Step 3 — Classify the failure
| Signal in log | Cause | Fix |
|---|
exited with 137, Killed, "Out of Memory"/"OOM" in Build system report | OOM — next build --webpack peak RSS > 16GB build container | experimental.webpackMemoryOptimizations: true in next.config.mjs (already applied — see History). If it recurs: drop entries from experimental.optimizePackageImports (it raises build memory), or raise the build machine memory tier in Vercel project settings. Do not raise --max-old-space-size past the container — that makes OOM worse. |
Type error: / tsc failure | Build-time type-check (next.config.mjs re-enables it unless NEXT_SKIP_BUILD_TYPECHECK=1) | Fix the type locally: npm run type-check. Never set ignoreBuildErrors: true (SYN-877 shipped broken code that way). |
[drift-check] ✗ / "column ... missing" | Live Supabase DB is behind prisma/schema.prisma | Apply the migration out of band via Supabase apply_migration (NEVER prisma db push). The drift gate in scripts/build-with-migrations.sh is correct to block. |
Module not found: Can't resolve '<node builtin>' in Edge compilation | A node-only dep pulled into the Edge/instrumentation bundle | Alias it to false for nextRuntime === 'edge' in the webpack() hook (pattern already there for @linear/sdk, crypto). |
Serverless Function ... exceeds 250 MB | Binary deps traced into the Lambda | Add to serverExternalPackages + outputFileTracingExcludes in next.config.mjs. |
P3005/P3009 (and build continues) | Unbaselined _prisma_migrations ledger — expected, not a failure | None. The build script tolerates it by design; the drift check is the real gate. |
| Build exceeds 45 min / timeout | Usually source-map upload or runaway step | Confirm Sentry webpack plugin stays disabled (see next.config.mjs footer). |
OOM is the recurring one: the app keeps growing, so the webpack build drifts
toward the memory ceiling and goes flaky (same commit passes on retry, fails
on the next). A green retry is not a fix — treat any 137 as a real regression.

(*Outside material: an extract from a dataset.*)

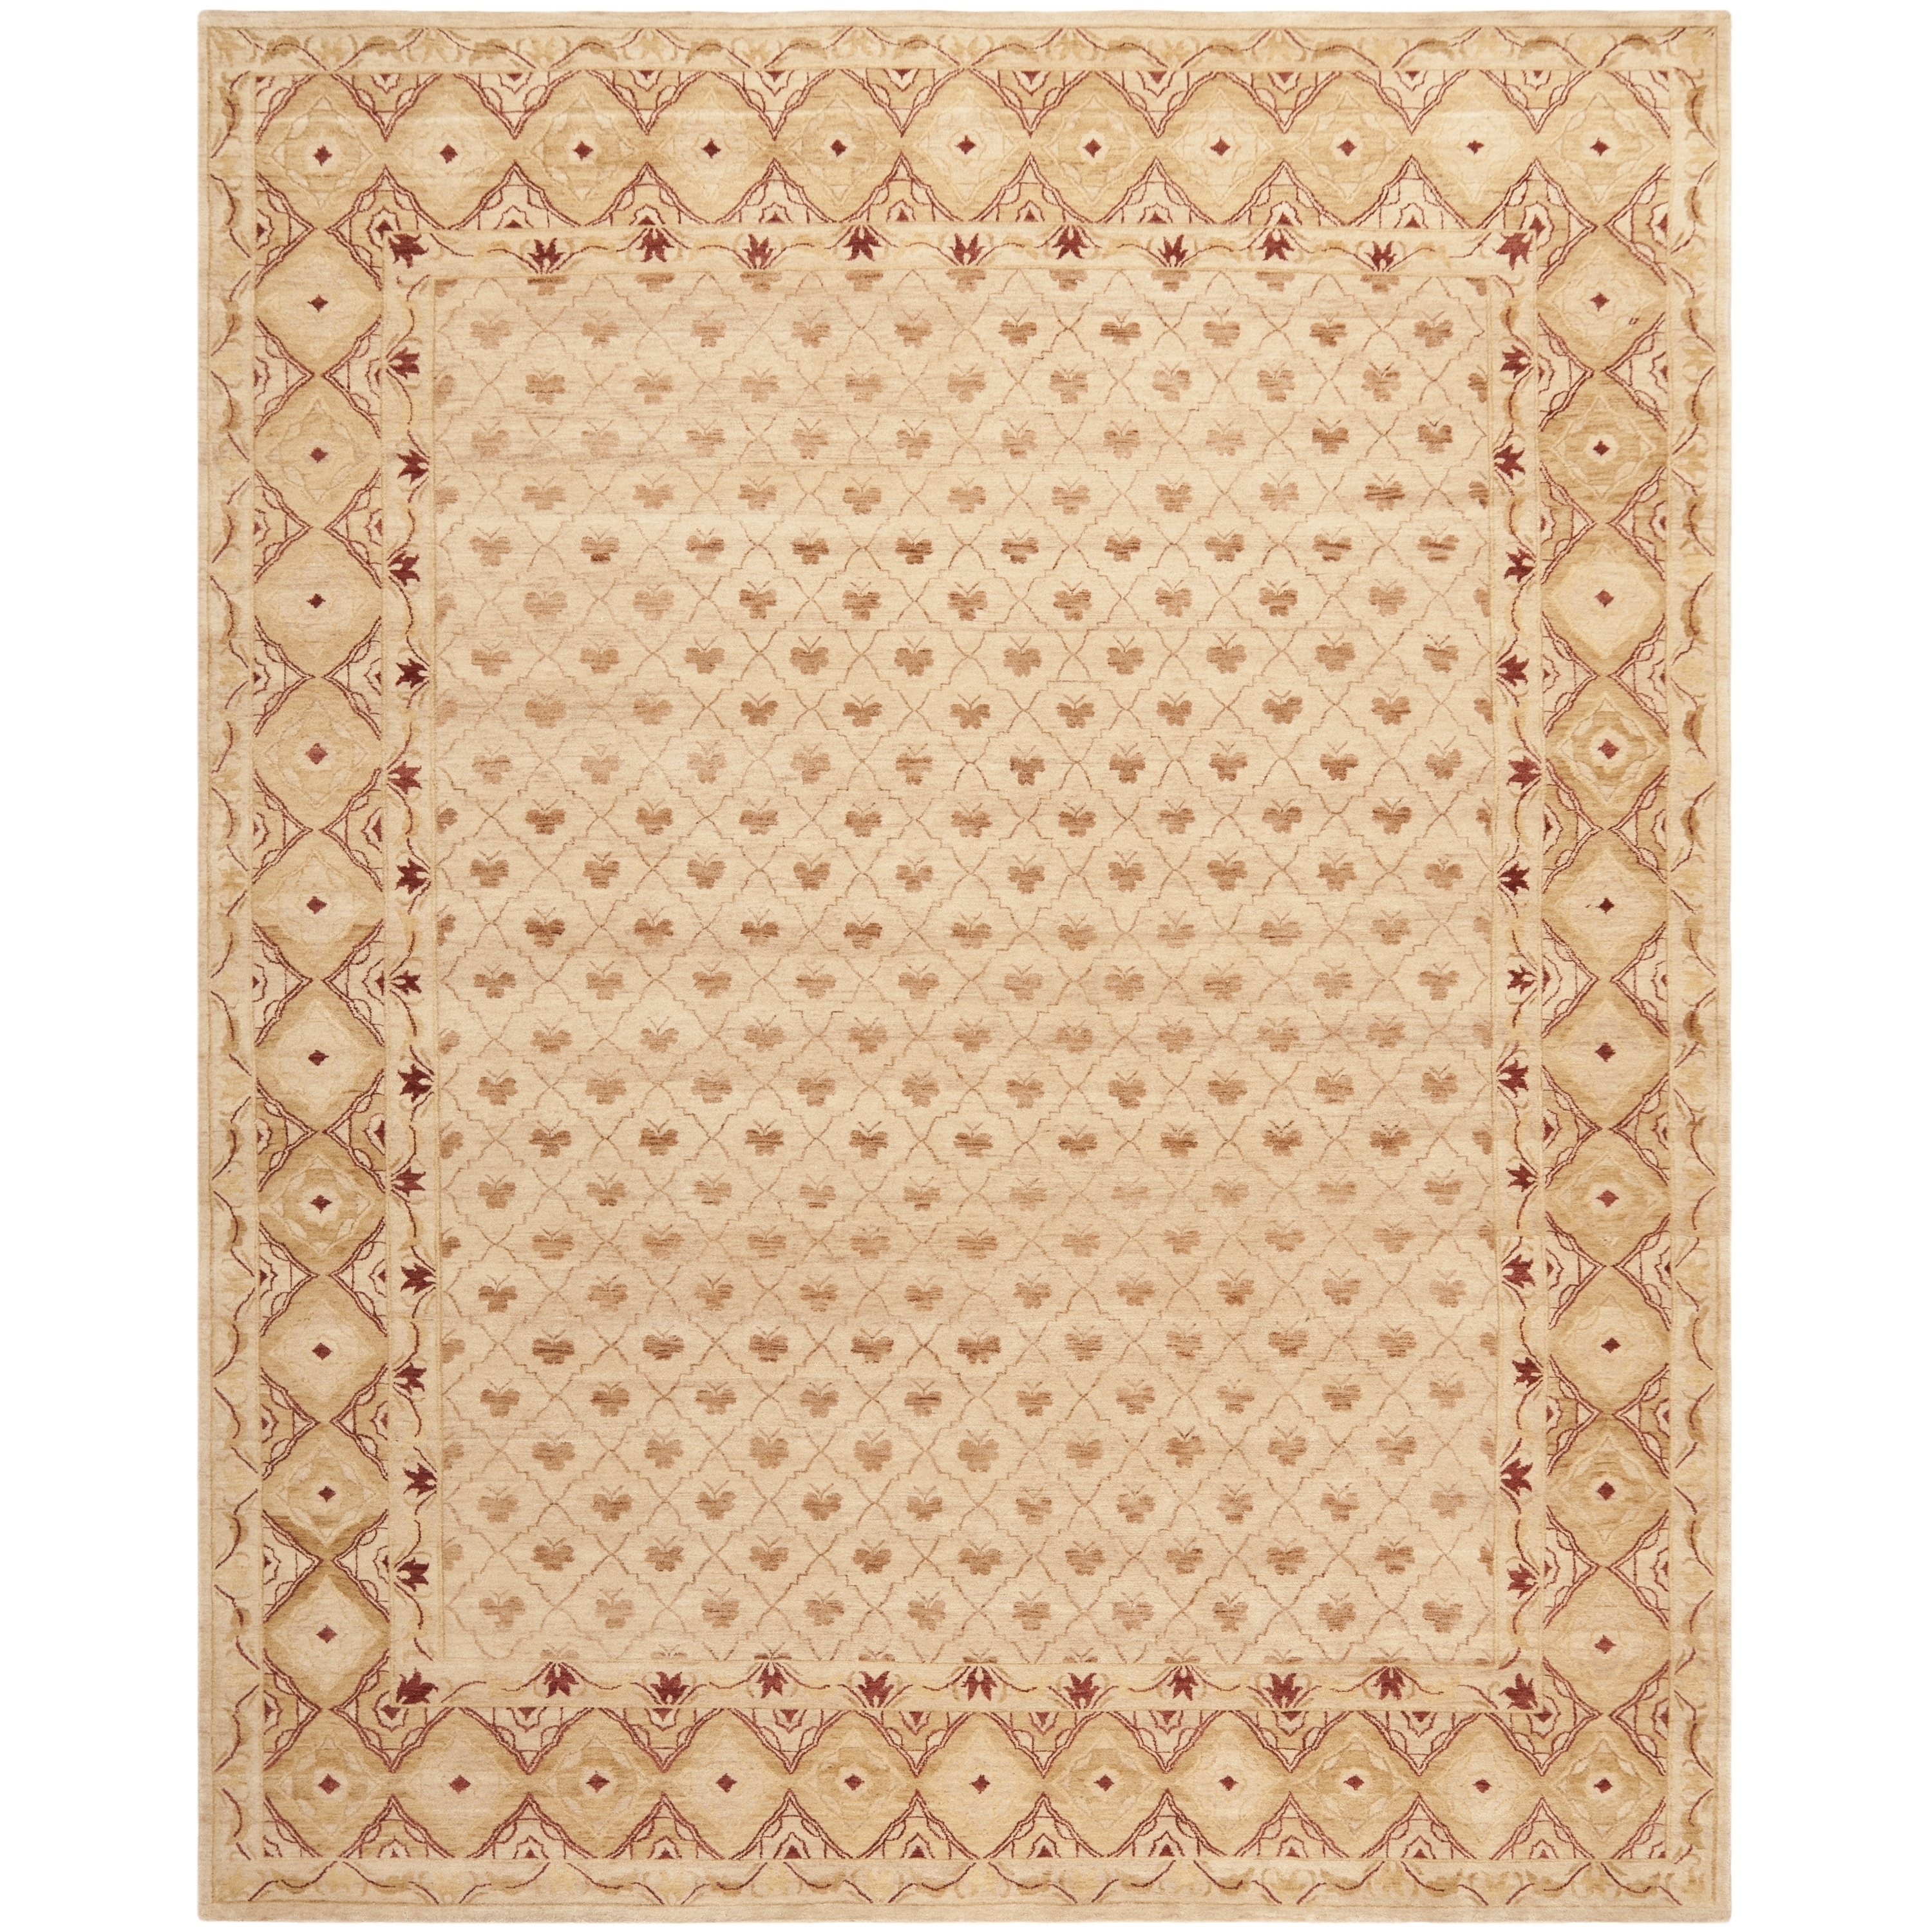 Safavieh Hand knotted Marrakech Ivory/ Red Wool Rug (6 X 9)

Step 4 — Fix, then verify locally before re-deploying
npm run type-check && npm run lint && npm test
For OOM specifically, reproduce the memory profile locally when possible:
NODE_OPTIONS=--max-old-space-size=8192 npx next build --webpack
Commit with the issue id, push, then re-run Step 1/2 against the new deployment
and confirm READY (not ERROR) before claiming done. Paste the deployment
state line — per .claude/rules/verification-gate.md, a "fixed" claim needs
the tool output that proves it.
History (so we stop relearning this)
- 2026-06-17 — Production
synthex builds failed from commit ca63dc17
(#516) onward with exit 137 / OOM; last green was #515. Cause: cumulative
app growth pushed next build --webpack past the 16GB container. Flaky at the
ceiling (69ce505e produced both an ERROR and a READY deployment). Fix:
experimental.webpackMemoryOptimizations: true. The failures were not
caused by the code in the intervening PRs — they were memory-ceiling drift.